Une plaidoirie qui sème le doute

Puis, au centre des débats, l’absence de trace d’ADN étranger et de matériel laissé par le supposé agresseur ont été brandis par la juge et le procureur comme une preuve du délit imaginaire de la syndicaliste d’Areva. "Cela ne prouve rien, surtout si l’agresseur est un professionnel, ajoute l’avocat avant de cibler le procureur des yeux. Vous êtes dans la spéculation !". Prenant l’affaire à coeur, il a énuméré les fautes des enquêteurs et les oublis du tribunal. Des pièces à conviction non expertisées comme le bonnet qui couvrait les yeux de la victime, la chaise sur laquelle elle était assise et surtout le couteau qui a servi au viol.

Le procureur, pourtant sûr de lui lors son réquisitoire, commence alors à s’enfoncer dans son fauteuil quand la présidente du tribunal a du mal à dissimuler sa gêne. Son assesseur est médusé.
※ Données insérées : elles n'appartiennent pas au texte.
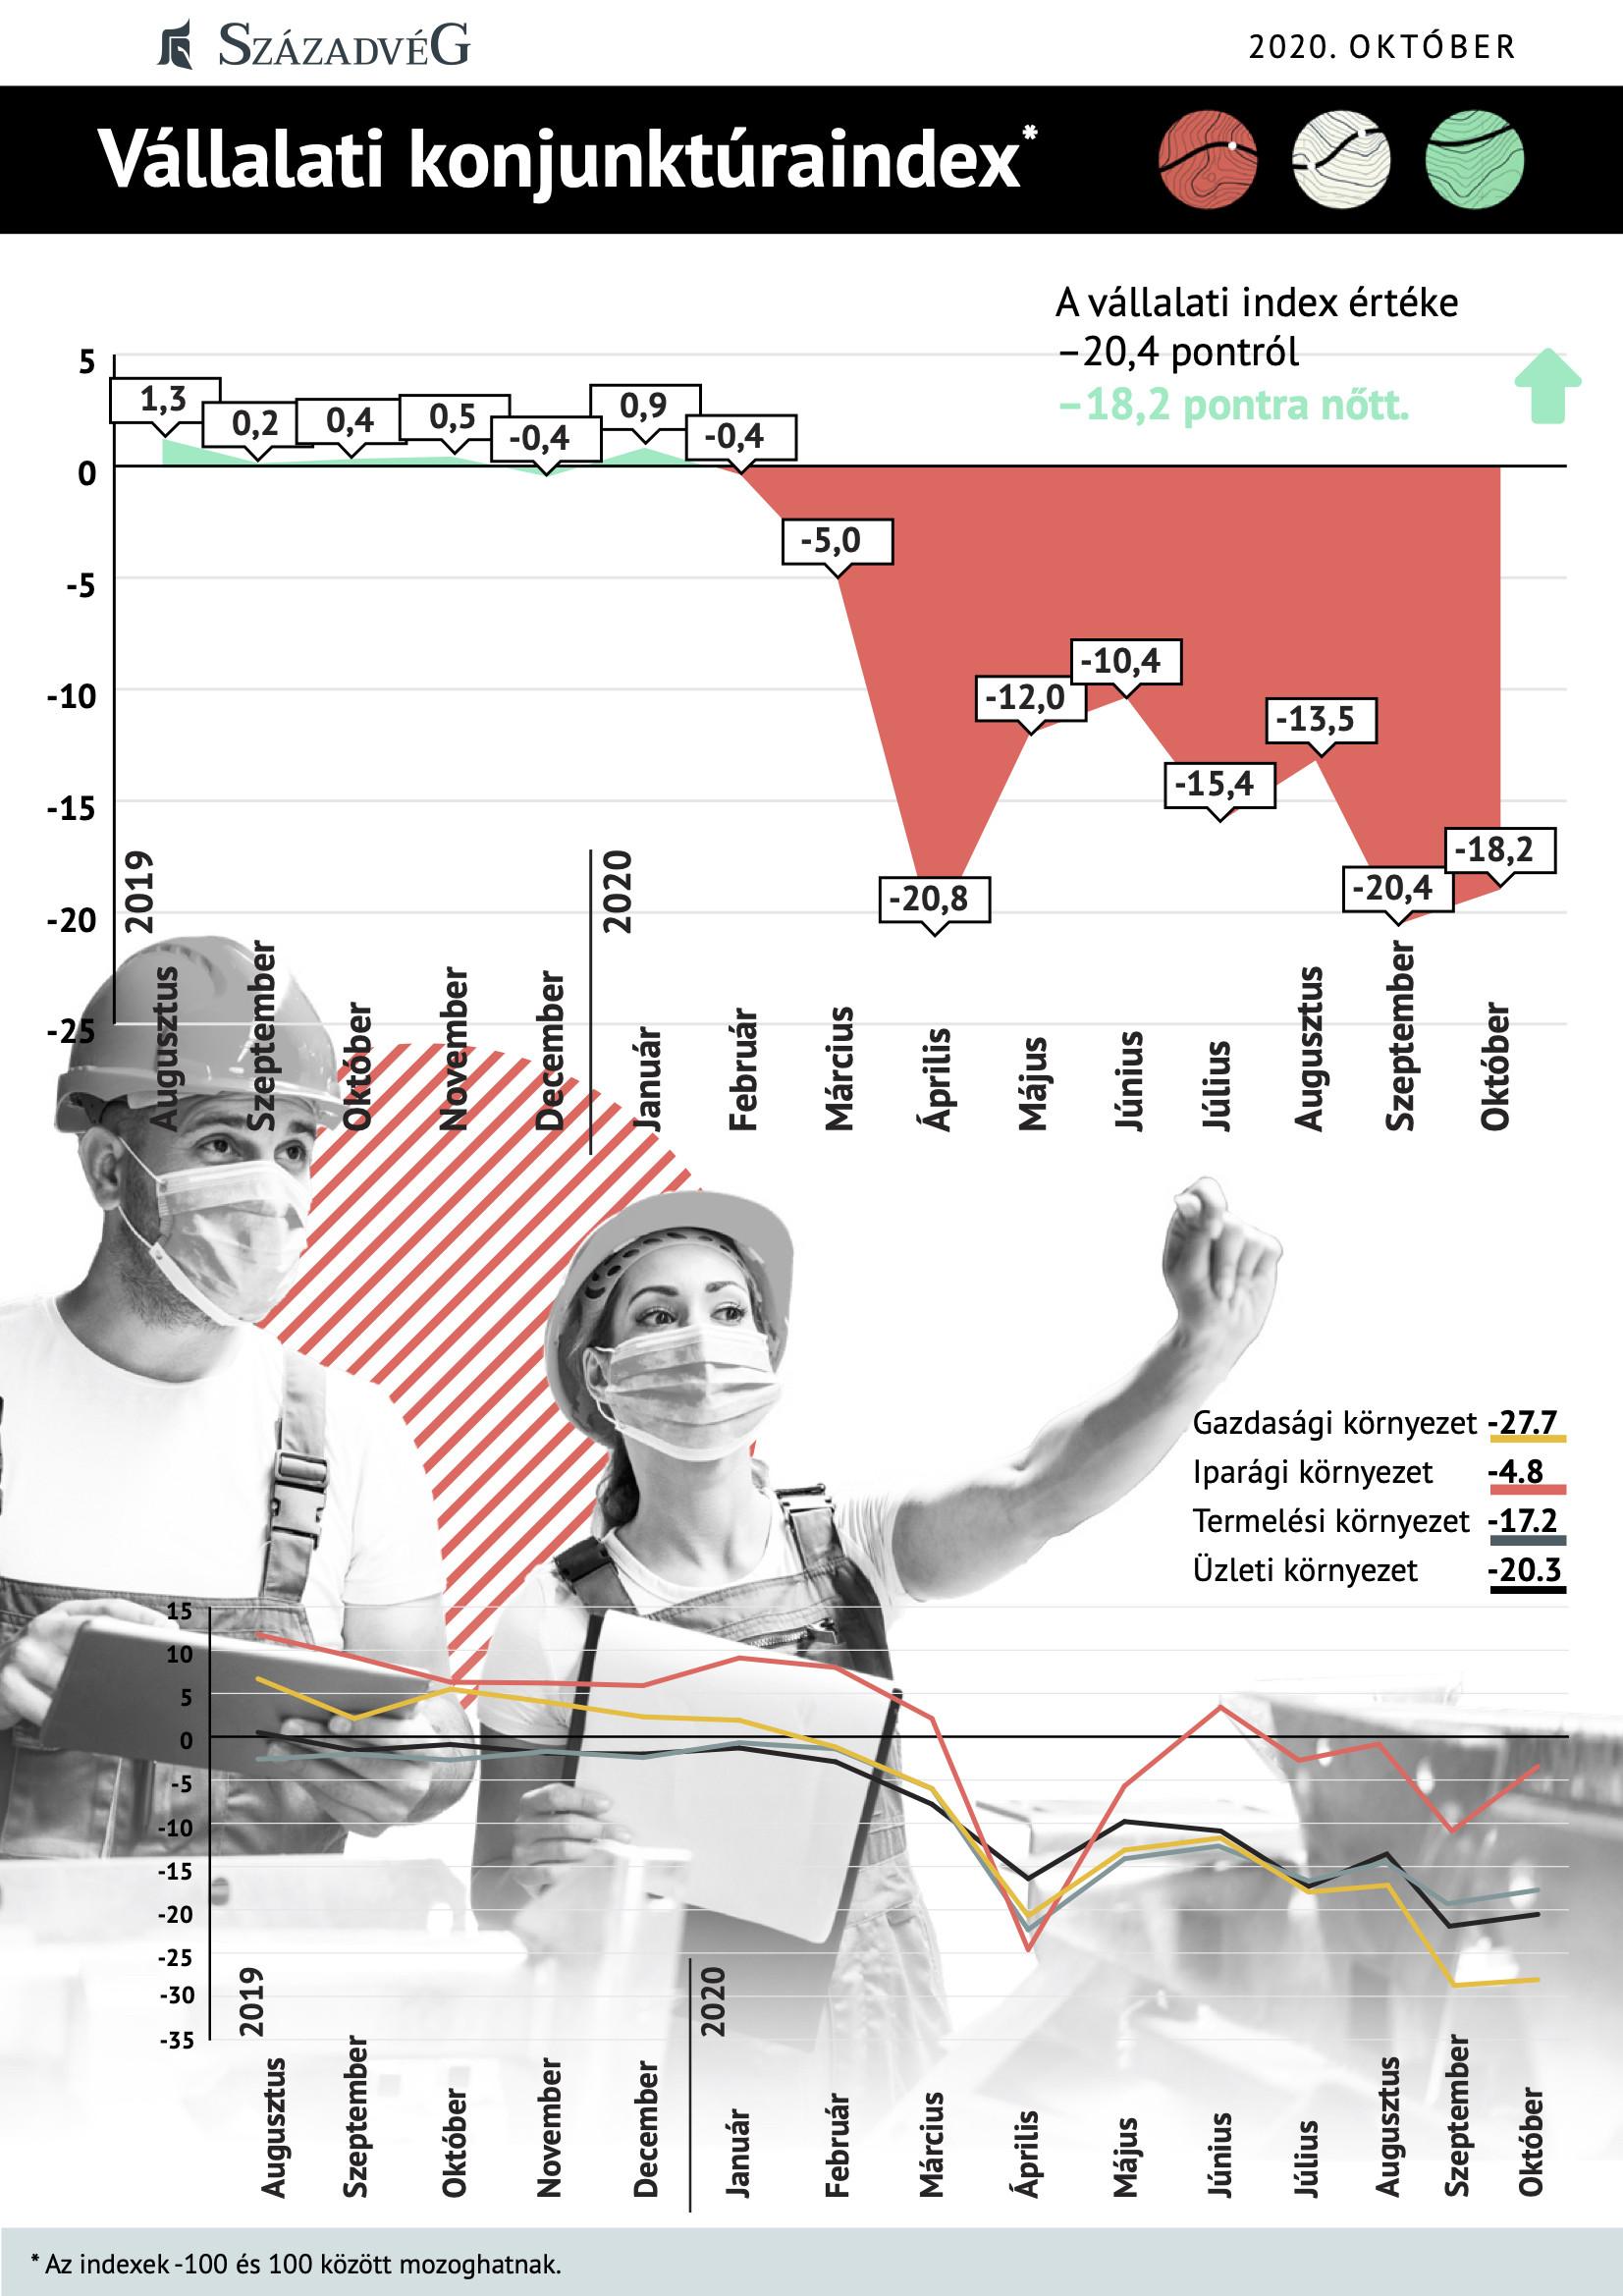 Így alakul a vállalati konjunktúraindex

Après une heure d’excitation, Thibault de Montbrial conclut par deux faits oubliés par l'instruction, et donc par le tribunal. La juge avait souligné que Maureen Kearney portait un soutien-gorge lors de son agression alors qu’elle disait être incapable de l’agrafer ; ceci prouvant qu’elle mentait. "Personne ne lui a posé cette question, s’étonne son avocat insistant sur les conclusions hasardeuses du tribunal. J’ai demandé à son mari qui l’avait agrafé, il m’a répondu que c’était lui !".

Enfin, alors que le procureur s’était, là encore, étonné que le collant de Maureen Kearney n’avait pas été arraché pas les scotchs qui liaient ses pieds à la chaise, Thibault de Montbrial a fait découvrir au tribunal que le collant était en laine et donc difficile à arracher. Il n’a pas eu besoin de conclure sur un "personne ne s’est posé la question" en guise d’anaphore. Embarrassée, la juge n’a rien ajouté et renvoyé au verdict le 6 juillet prochain.